If clearing the page table entry is not followed by a notify before setting
the new pte/pmd value then you can break memory model like C11 or C++11 for
the device.

Consider the following scenario (device use a feature similar to ATS/
PASID):

Two address addrA and addrB such that |addrA - addrB| >= PAGE_SIZE we
assume they are write protected for COW (other case of B apply too).

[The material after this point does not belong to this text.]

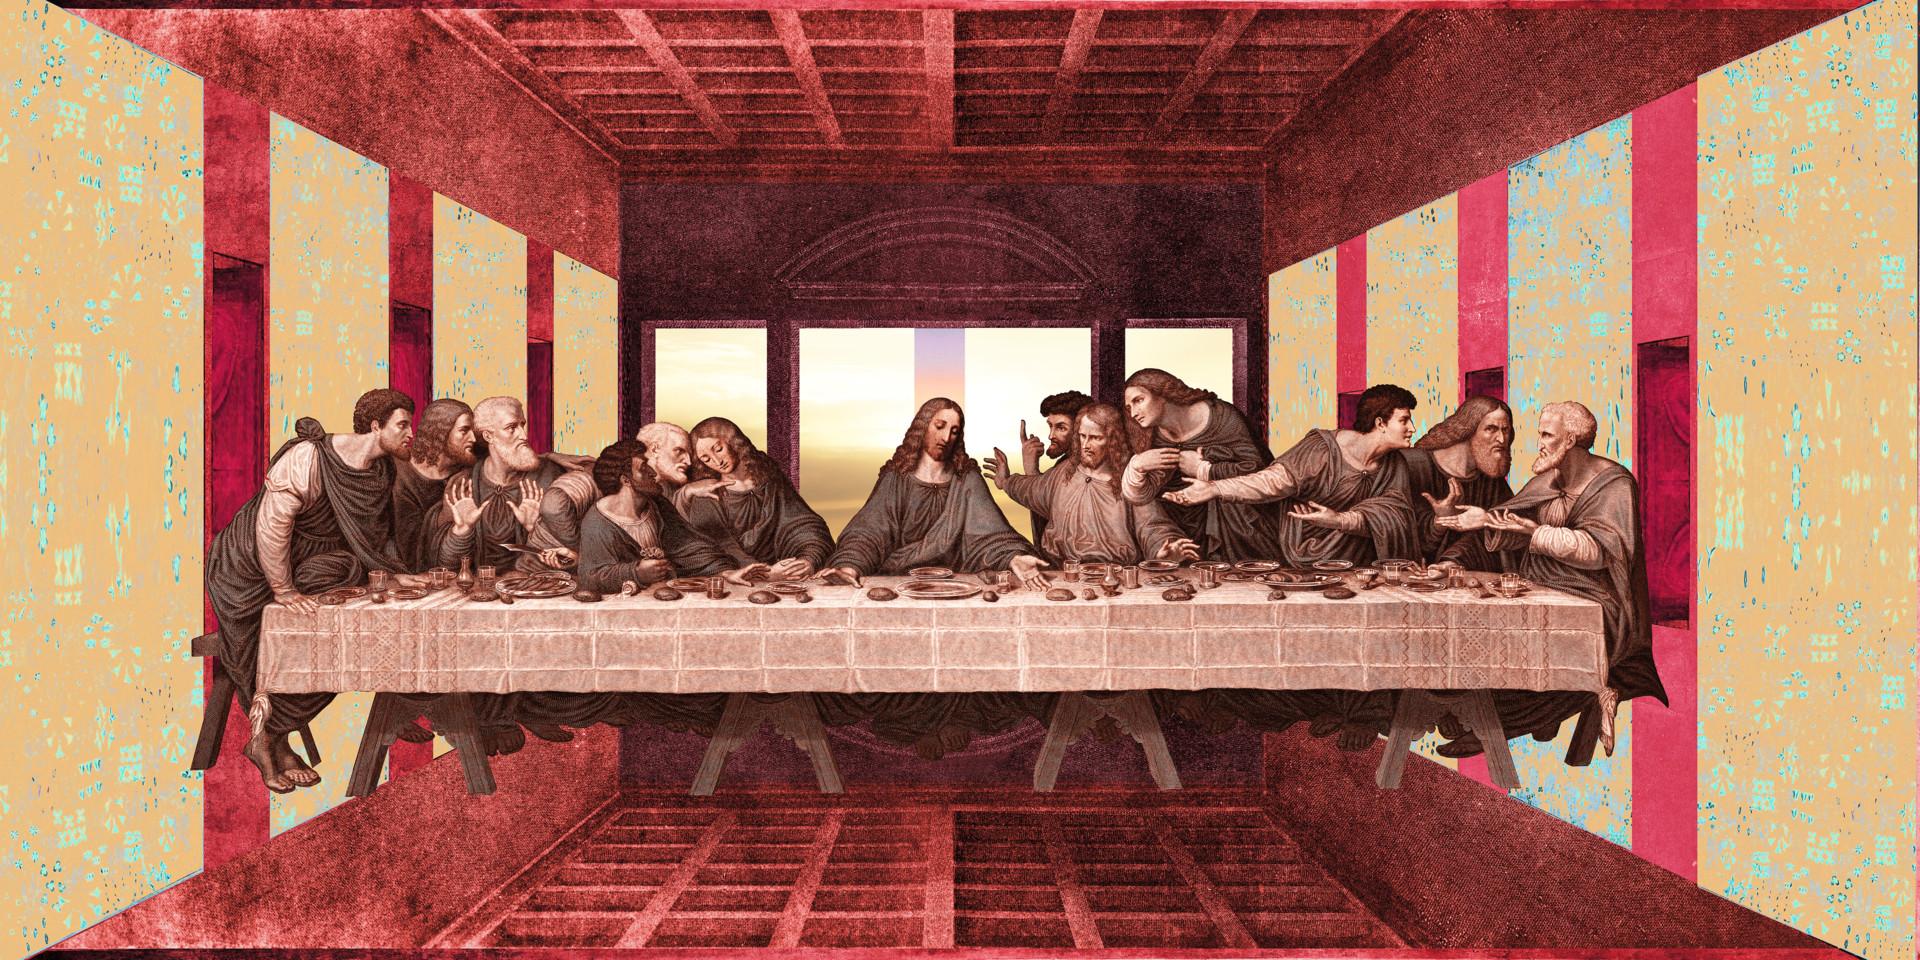 Michael Schwahn - 6-last-supper-engraving-6.jpg

[Time N] -----------------------------------------------------------------
CPU-thread-0  {try to write to addrA}
CPU-thread-1  {try to write to addrB}
CPU-thread-2  {}
CPU-thread-3  {}
DEV-thread-0  {read addrA and populate device TLB}
DEV-thread-2  {read addrB and populate device TLB}
[Time N+1] ---------------------------------------------------------------
CPU-thread-0  {COW_step0: {mmu_notifier_invalidate_range_start(addrA)}}
CPU-thread-1  {COW_step0: {mmu_notifier_invalidate_range_start(addrB)}}
CPU-thread-2  {}
CPU-thread-3  {}
DEV-thread-0  {}
DEV-thread-2  {}
[Time N+2] ---------------------------------------------------------------
CPU-thread-0  {COW_step1: {update page table point to new page for addrA}}
CPU-thread-1  {COW_step1: {update page table point to new page for addrB}}
CPU-thread-2  {}
CPU-thread-3  {}
DEV-thread-0  {}
DEV-thread-2  {}
[Time N+3] ---------------------------------------------------------------
CPU-thread-0  {preempted}
CPU-thread-1  {preempted}
CPU-thread-2  {write to addrA which is a write to new page}
CPU-thread-3  {}
DEV-thread-0  {}
DEV-thread-2  {}
[Time N+3] ---------------------------------------------------------------
CPU-thread-0  {preempted}
CPU-thread-1  {preempted}
CPU-thread-2  {}
CPU-thread-3  {write to addrB which is a write to new page}
DEV-thread-0  {}
DEV-thread-2  {}
[Time N+4] ---------------------------------------------------------------
CPU-thread-0  {preempted}
CPU-thread-1  {COW_step3: {mmu_notifier_invalidate_range_end(addrB)}}
CPU-thread-2  {}
CPU-thread-3  {}
DEV-thread-0  {}
DEV-thread-2  {}
[Time N+5] ---------------------------------------------------------------
CPU-thread-0  {preempted}
CPU-thread-1  {}
CPU-thread-2  {}
CPU-thread-3  {}
DEV-thread-0  {read addrA from old page}
DEV-thread-2  {read addrB from new page}

So here because at time N+2 the clear page table entry was not pair with a
notification to invalidate the secondary TLB, the device see the new value
for addrB before seing the new value for addrA. This break total memory
ordering for the device.

When changing a pte to write protect or to point to a new write protected
page with same content (KSM) it is ok to delay invalidate_range callback to
mmu_notifier_invalidate_range_end() outside the page table lock. This is
true even if the thread doing page table update is preempted right after
releasing page table lock before calling mmu_notifier_invalidate_range_end

Changed since v1:
  - typos (thanks to Andrea)
  - Avoid unnecessary precaution in try_to_unmap() (Andrea)
  - Be more conservative in try_to_unmap_one()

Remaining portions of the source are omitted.